Do fintech companies actually care about AI governance receipts before regulators force them to?
Hey everyone this is my first time posting so please bear with me. This is not a self-promotion rather needed some advice.
I’m working with a pre-seed startup. We’re building a governance layer for fintech companies deploying AI models and agents in regulated workflows.
The product combines:
- A runtime governance layer that sits around AI models and agents, checking inputs, outputs, tool use, and actions against policy/risk criteria.
- A lightweight receipt layer that creates audit records for important AI decisions, escalations, and workflow events.
- A lifecycle governance layer that connects those records across training, evaluation, deployment, and runtime operations.
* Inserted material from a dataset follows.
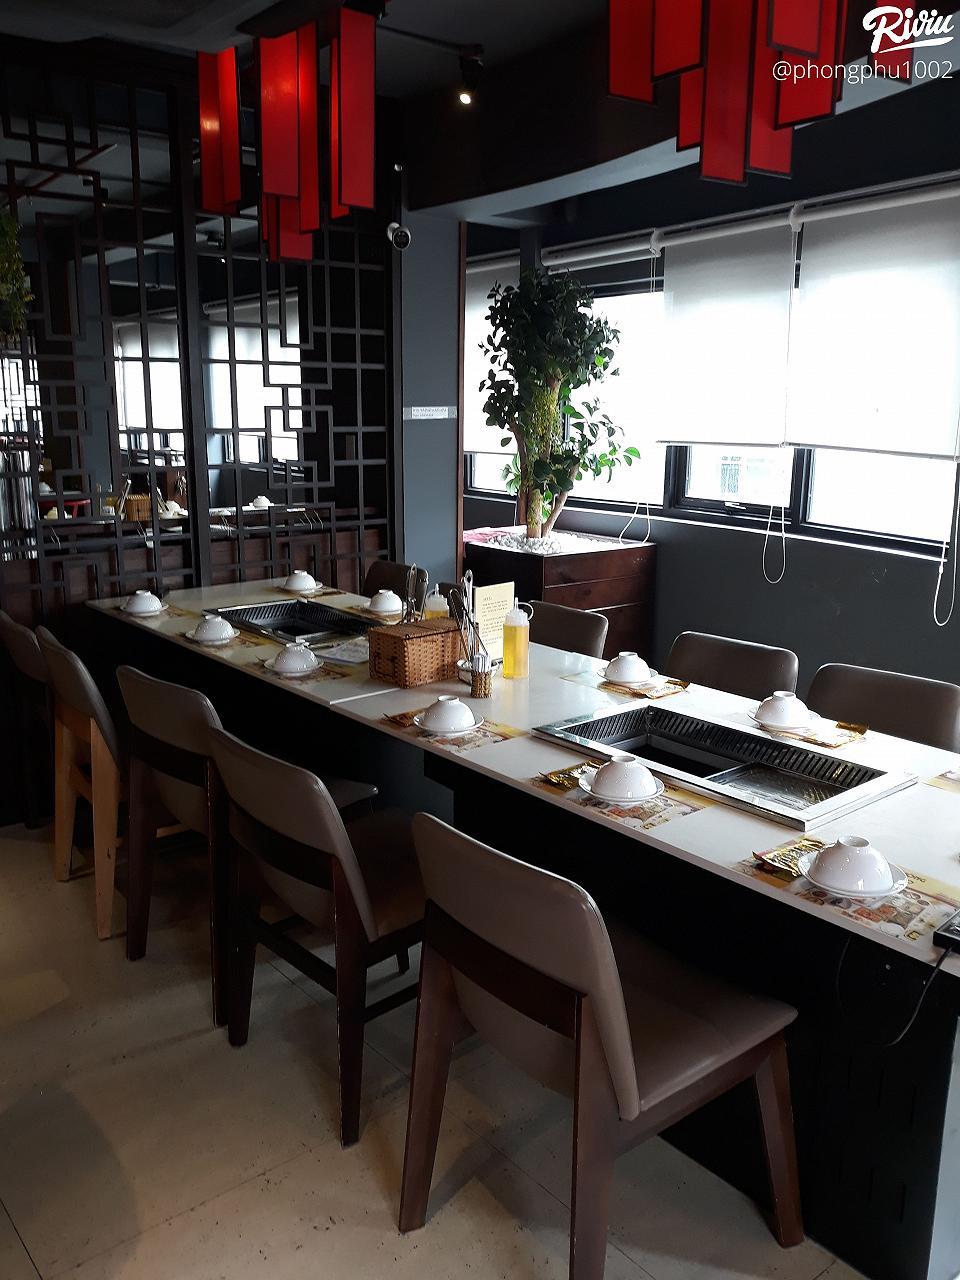 10* cho buffet lau nuong 180k sik dak food - anh 14

The idea is to make AI workflows auditable by default. For example, if an AI agent is involved in lending, credit risk, fraud review, AML/KYC, servicing, collections, or customer support, it should be possible to answer:
- What did the model/agent do?
- What data or context did it use?
- What policy was applied?
- Was the action low-risk, high-risk, or escalation-worthy?
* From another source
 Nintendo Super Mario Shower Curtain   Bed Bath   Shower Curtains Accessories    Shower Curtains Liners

- Was human review required?
- Can this be shown later to an internal compliance team, external auditor, or regulator?
We’re trying to create tamper-evident governance records across the lifecycle of AI systems, not just post-hoc documentation. Our current wedge is fintech, especially AI-based lending platforms, AI-native financial tools, and mid-sized regulated companies adopting AI.
The challenge: I’ve been doing LinkedIn cold outreach to potential fintech design partners, but haven’t heard back much yet. So I’m trying to figure out whether the problem is the idea, the positioning, the buyer, or the outreach channel.
Would love honest feedback:
Is this a real pain point for fintech teams right now?
Who is the right buyer/persona: CTO, compliance, risk, model governance, product, or audit?
Is “AI audit receipts” a compelling wedge, or does it sound too abstract?
Which use case sounds most urgent: lending, AML/fraud, collections, or customer support?
How would you recommend finding early design partners for something like this?
We’re early/pre-seed, so brutal feedback is welcome. I’m trying to understand whether this is a real wedge and how to reach the right people.